Our study indicates that both cancer survivors and individuals without cancer were both adding and losing at least one alter over time. Adding two alters to the network was associated with lower disability in the overall NSHAP sample. Network loss was not associated with functional impairment in both groups. Losing network members over time may impact functional impairment because it eliminates potential sources of support required to sustain an independent lifestyle (Avlund et al., 2004; de Leon, Gold, Glass, Kaplan, & George, 2001). Although different measures were used to evaluate social network connectedness, our results are consistent with Michael and colleagues’ (2002) study, indicating that changes in social network integration were not associated with disability in cancer survivors (Michael, Berkman, Colditz, Holmes, & Kawachi, 2002). However, the relatively high and unchanged levels of emotional closeness and social support from family members among lasting ties suggests that strong relationships were maintained for both groups, providing support for the socioemotional selectivity theory. Among participants who lost alters, the majority reported that the alter moved, died, or they lost touch for other reasons, suggesting that the specific relationships lost over time may have been weaker ties less likely to provide help.

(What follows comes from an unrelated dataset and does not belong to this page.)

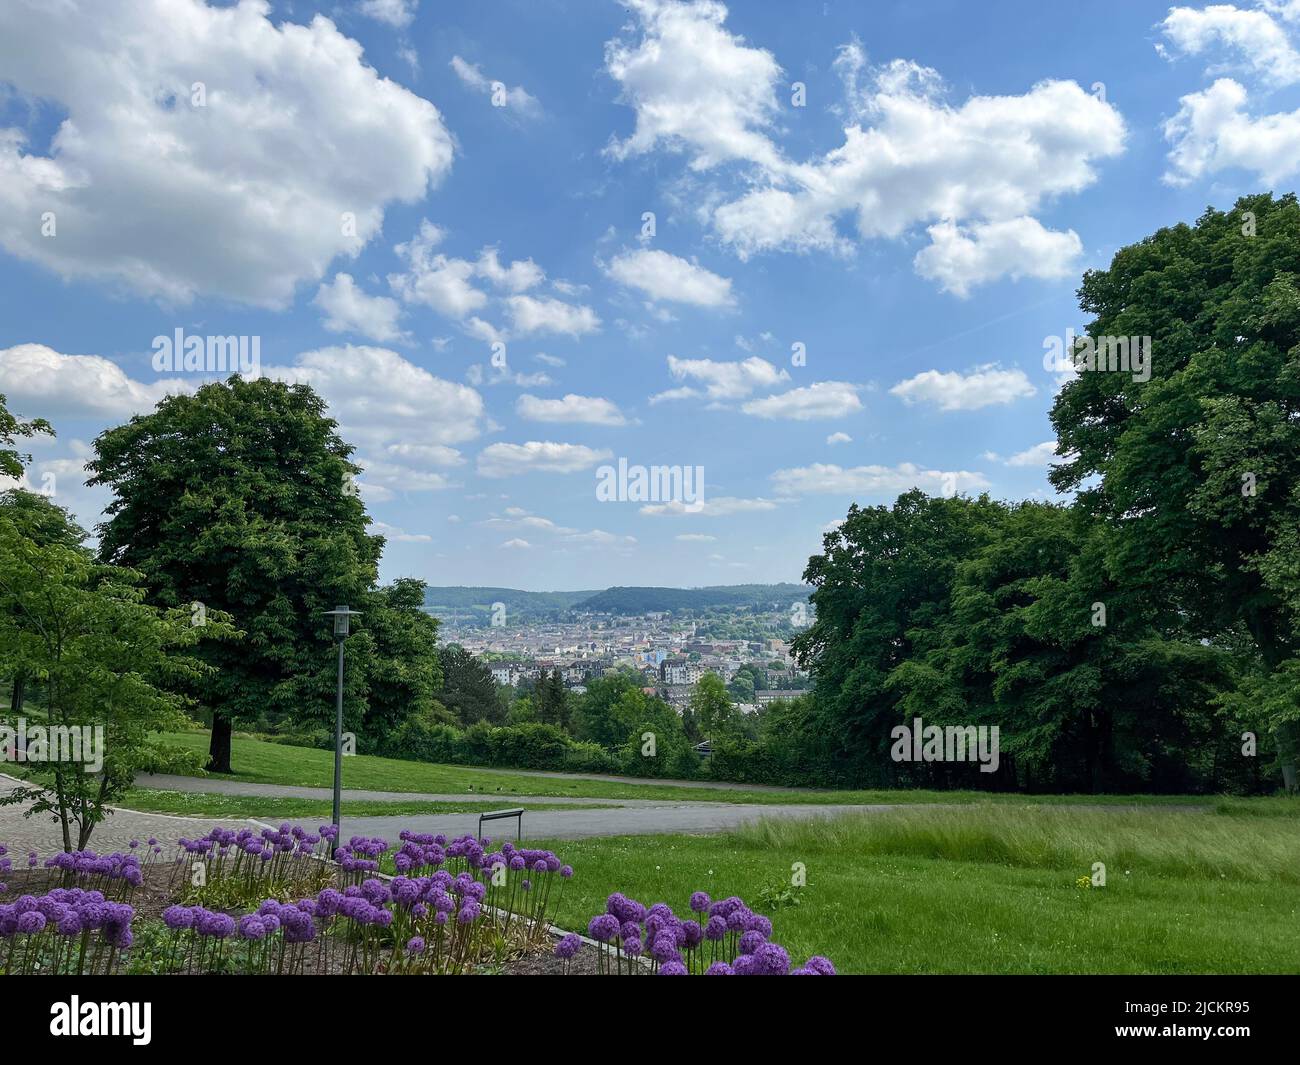 Wide Shot of Public Park Nordpark in Wuppertal, Germany. Patch of blooming Giant Onions in the foreground under a blue sky with picturesque clouds. Ci Stock Photo

To expand on this point, studies on aging suggest that older adults maintain a close-knit network consisting of mainly familial ties that provide social support (Antonucci & Akiyama, 1987; Carstensen, Isaacowitz, & Charles, 1999). Van Tilberg’s 4-year longitudinal study in older Dutch adults showed that seniors tend to preserve a strong circle of familial ties and lose more friend ties over time (Van Tilburg, 1998). Keeping a close network may be one strategy to ameliorate some of the challenges of aging and cope with the transitions to come (Southwick, Litz, Charney, & Friedman, 2011). While losing certain network members to death, conflict, or other reasons may be a stressful situation to endure, a wealth of literature suggests that the process of aging itself can help older adults become resilient to future stressors (Helgeson, Snyder, & Seltman, 2004; Southwick et al., 2011).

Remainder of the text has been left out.